Professor Evgeny Oscarovich Paton (,  1870–1953) was a Russian and Soviet engineer of Ukrainian descent who established the E. O. Paton Electric Welding Institute in Kyiv. Paton was a people's deputy of the Supreme Soviet of the Soviet Union (1946–1953). He was the father of Borys Paton.

Early career
Born in 1870 in Nice, France, he studied at the Dresden Technical University (graduated in 1894), and at the Petersburg Institute of Railway Roads (graduated in 1896). He designed the structure of the train station in Dresden, and was a lecturer at the  Moscow Engineering College of Railway Roads (1889–1904). Paton was a professor at Kyiv Polytechnic Institute and the Chairman of the Bridge Department from 1904 to 1938. In 1929 he organized a welding laboratory and the Electric Welding Committee. In 1934 Paton founded the Electric Welding Institute of the Academy of Sciences of Ukrainian SSR in Kyiv. From 1945 to 1952 he was a Vice-President of the Academy of Sciences of Ukrainian SSR.

Welding research
Paton was a pioneer researcher of joining and welding technology. In order to make welding a reliable technological process, it was necessary to conduct comprehensive research regarding the mechanics of welded structures, the metallurgical processes involved, and the physics of the arc, as well as to develop welding equipment, tools, and techniques.

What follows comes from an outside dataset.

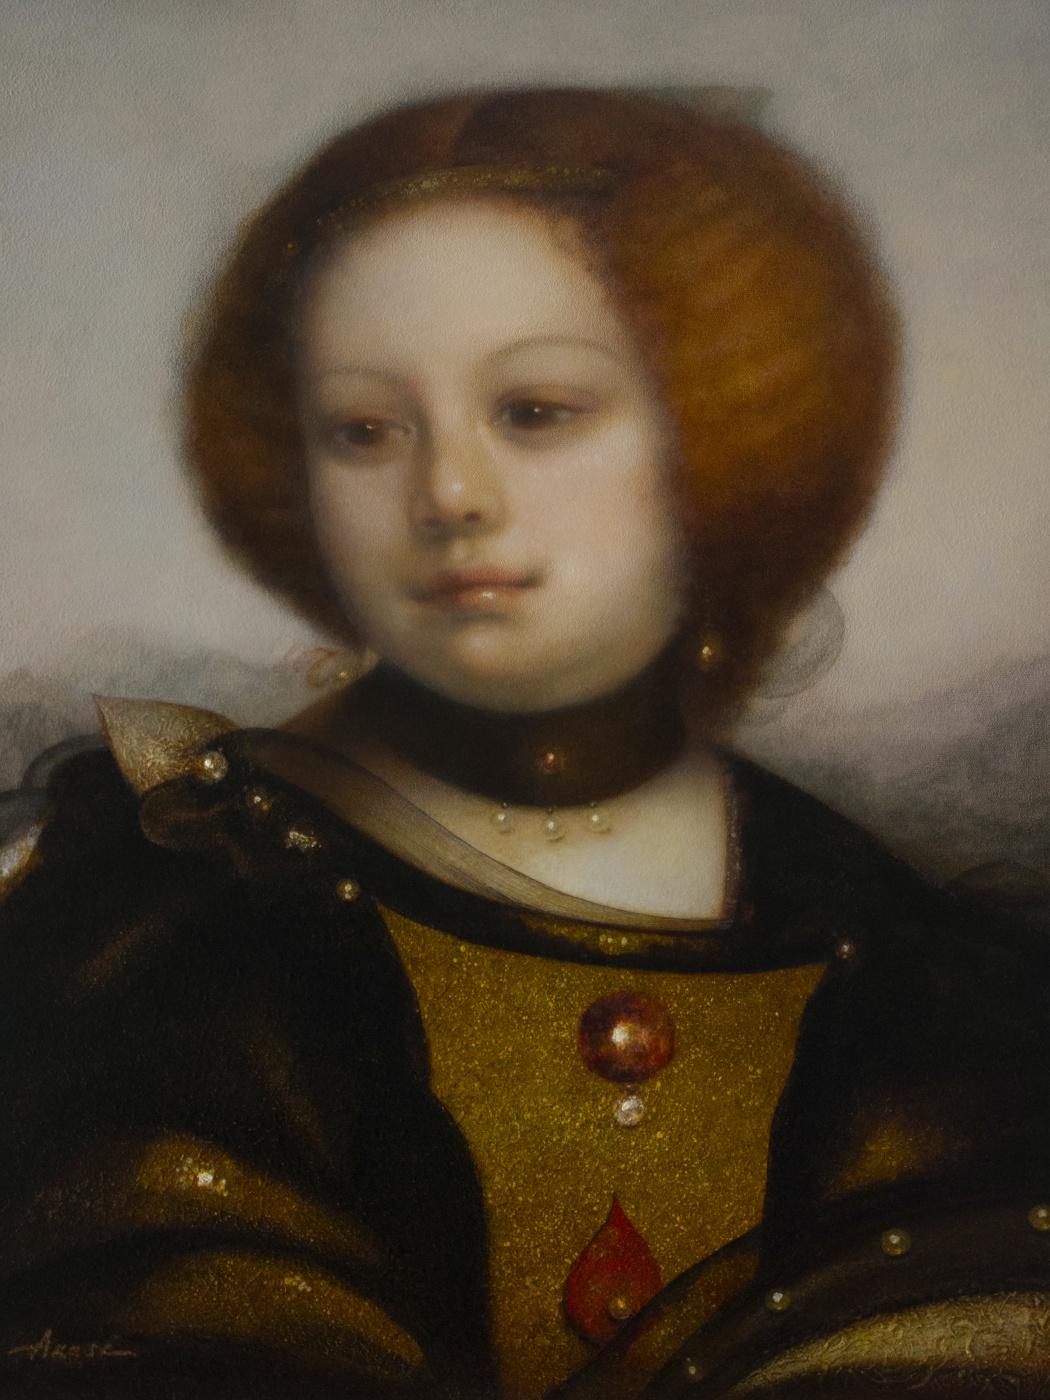 Ольга Акаси. La Bella Simonetta

Paton created methods used in the design of rational bridge spans, investigated the conditions of their operation, and suggested methods for restoring damaged bridges. He carried out research on the fundamentals of welding, how to calculate the strength of welded structures, and the mechanization of welding processes. He supervised the development of automatic submerged arc welding. During World War II Paton supervised the design and production of  equipment and technology for automated welding of special steels for tanks, bombs, and other military hardware.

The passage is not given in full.